> **Instructions for the task**:
For this exercise, retype each line of the material below verbatim and omit any picture.

> **Input data**:
---

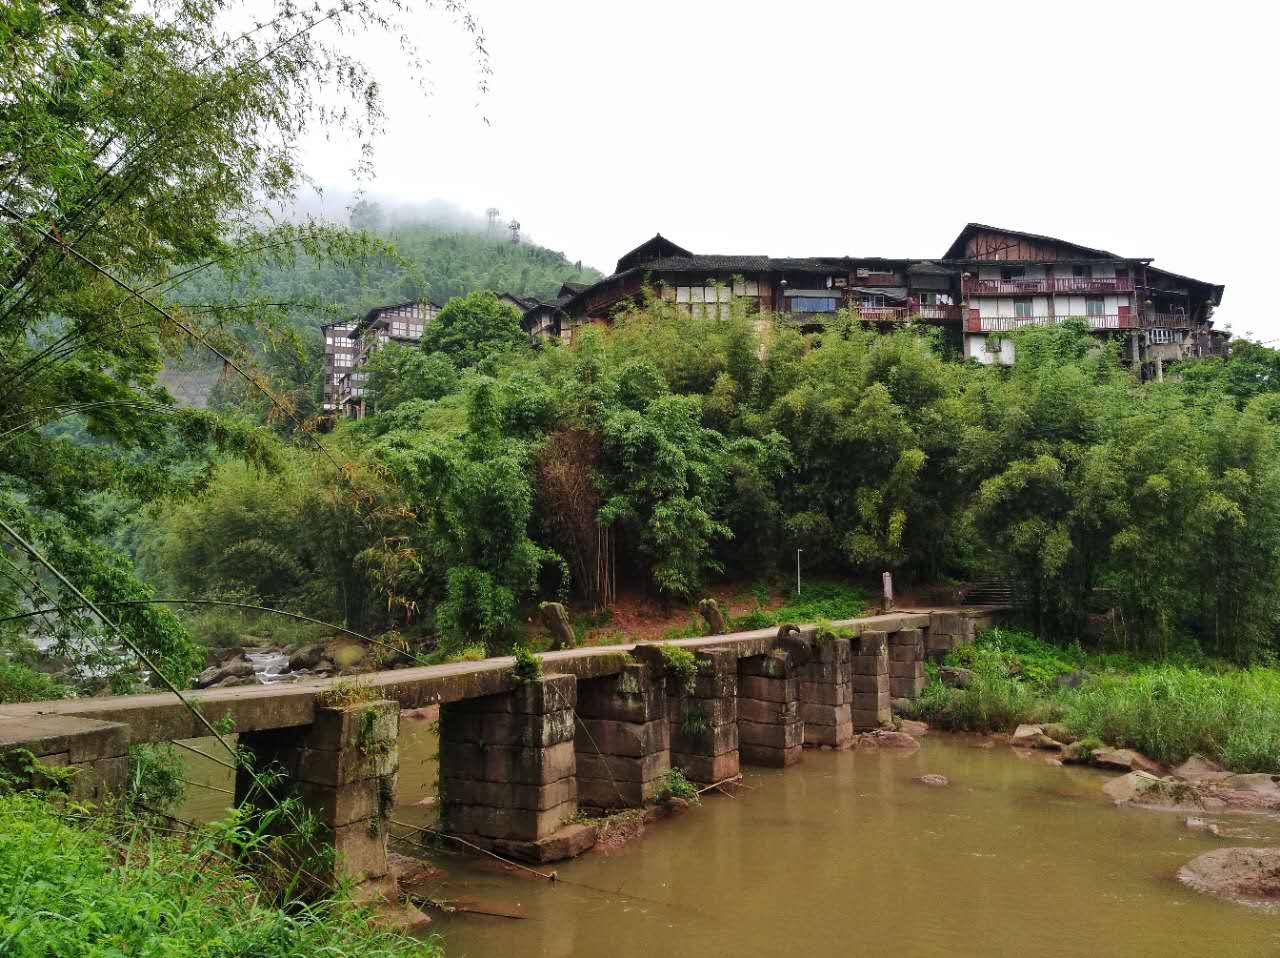 原创              神秘的丙安古镇,吊脚楼建在悬空峭壁之上,明清建筑的活化石
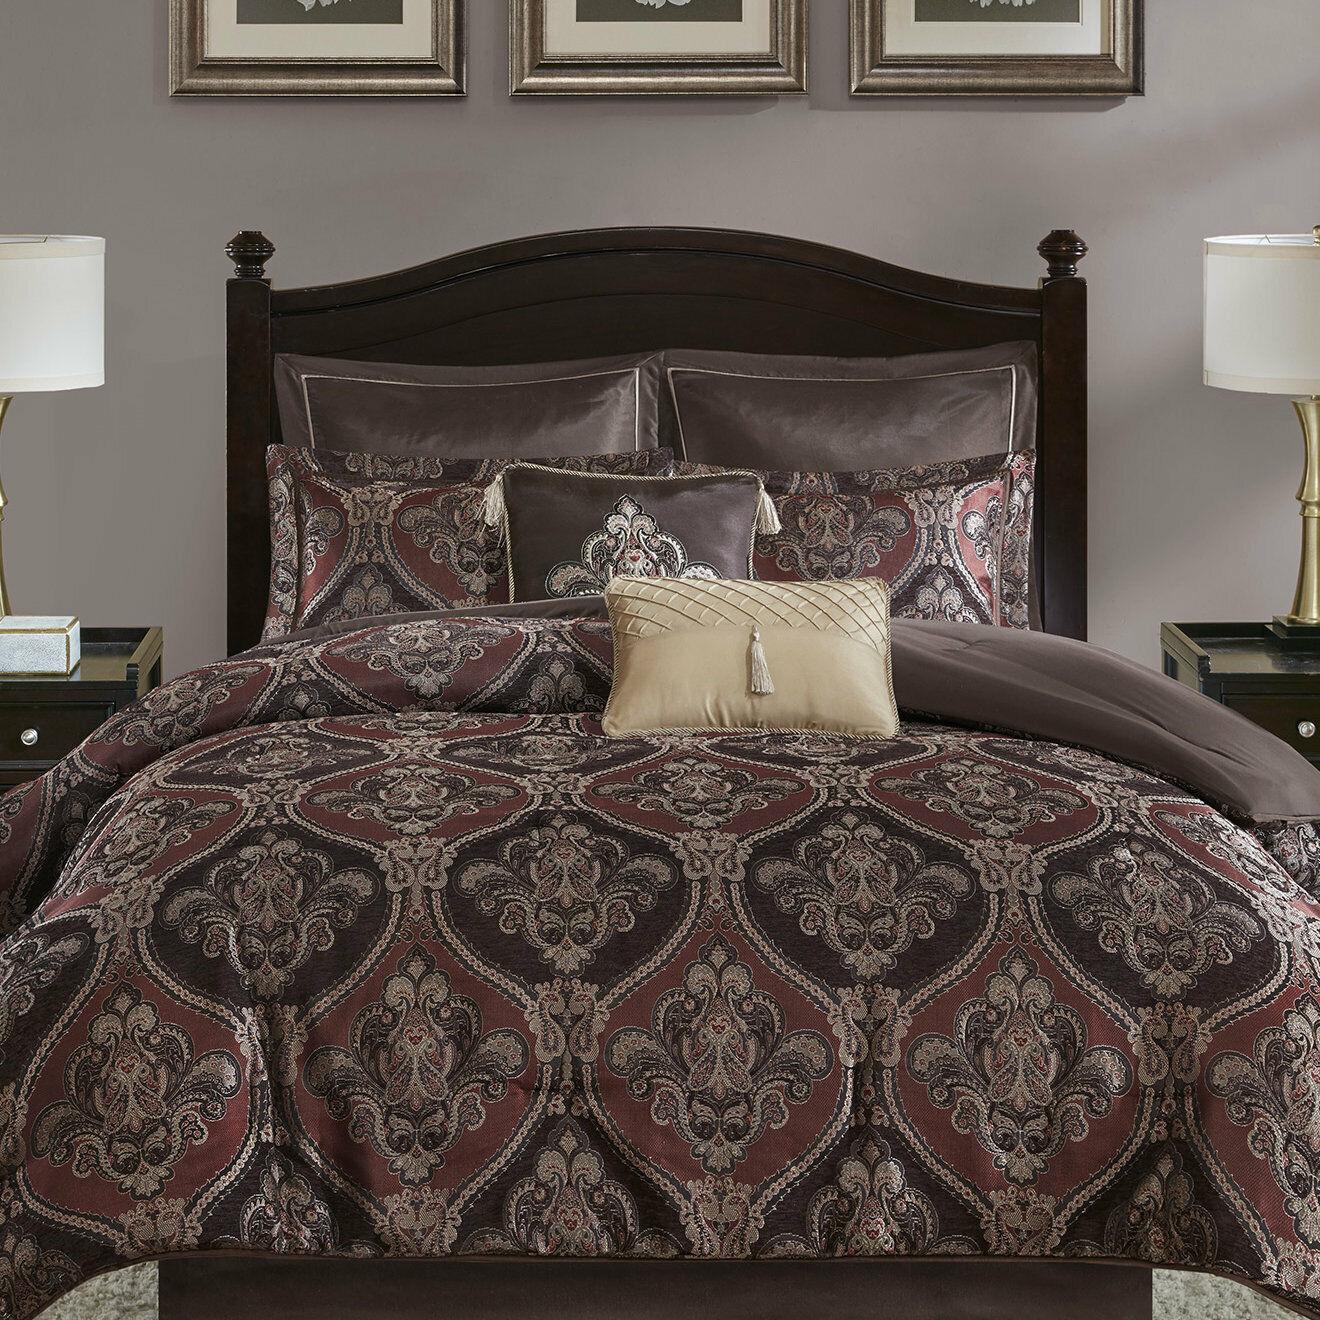 Fleur De Lis Living Clara 8 Piece Chenille Jacquard Comforter Set
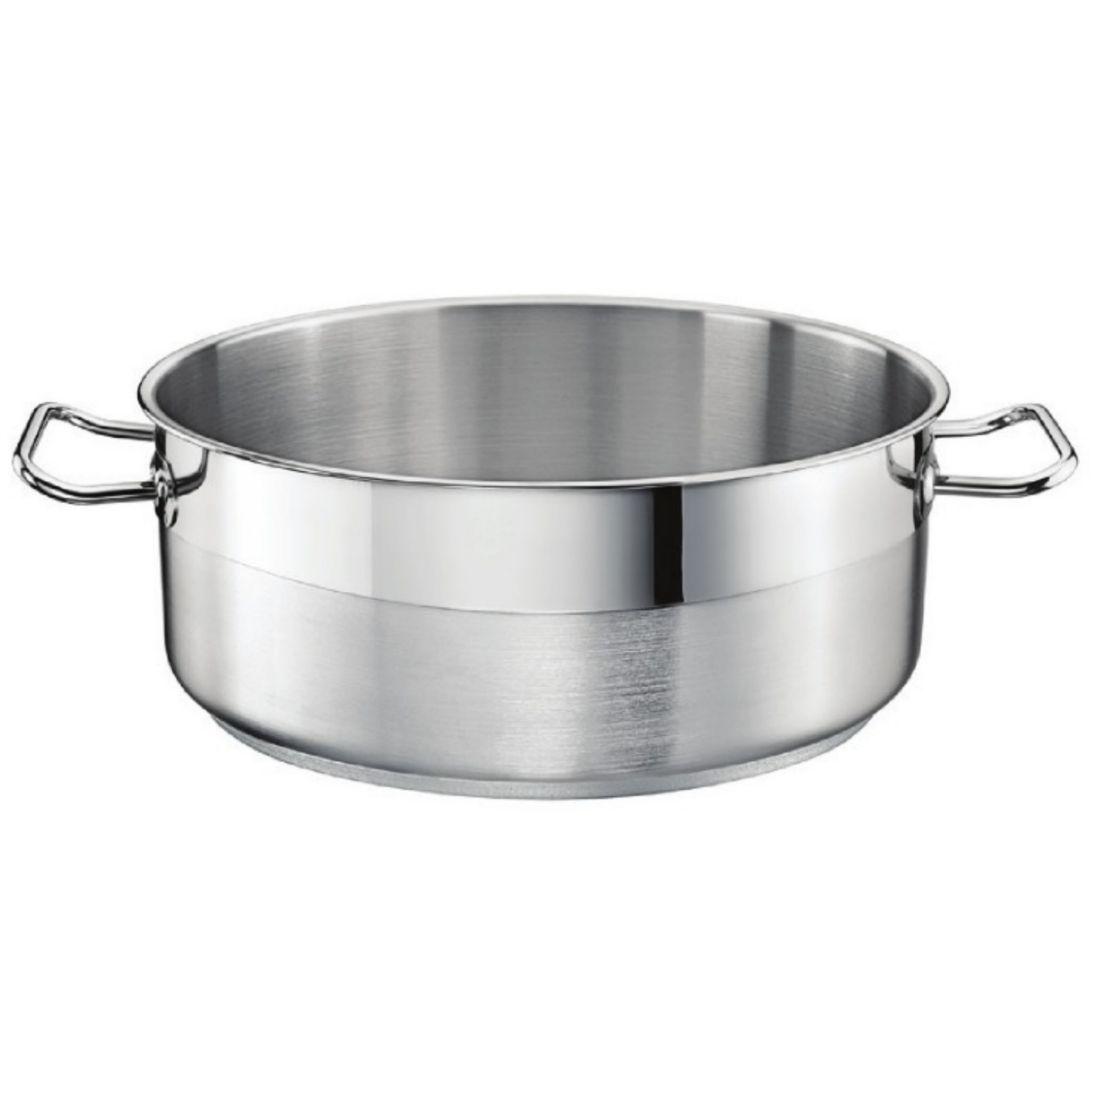 Hrnec nízký TOMGAST Silver 7,0 l

---

> **Result**:
 原创              神秘的丙安古镇,吊脚楼建在悬空峭壁之上,明清建筑的活化石
 Fleur De Lis Living Clara 8 Piece Chenille Jacquard Comforter Set
 Hrnec nízký TOMGAST Silver 7,0 l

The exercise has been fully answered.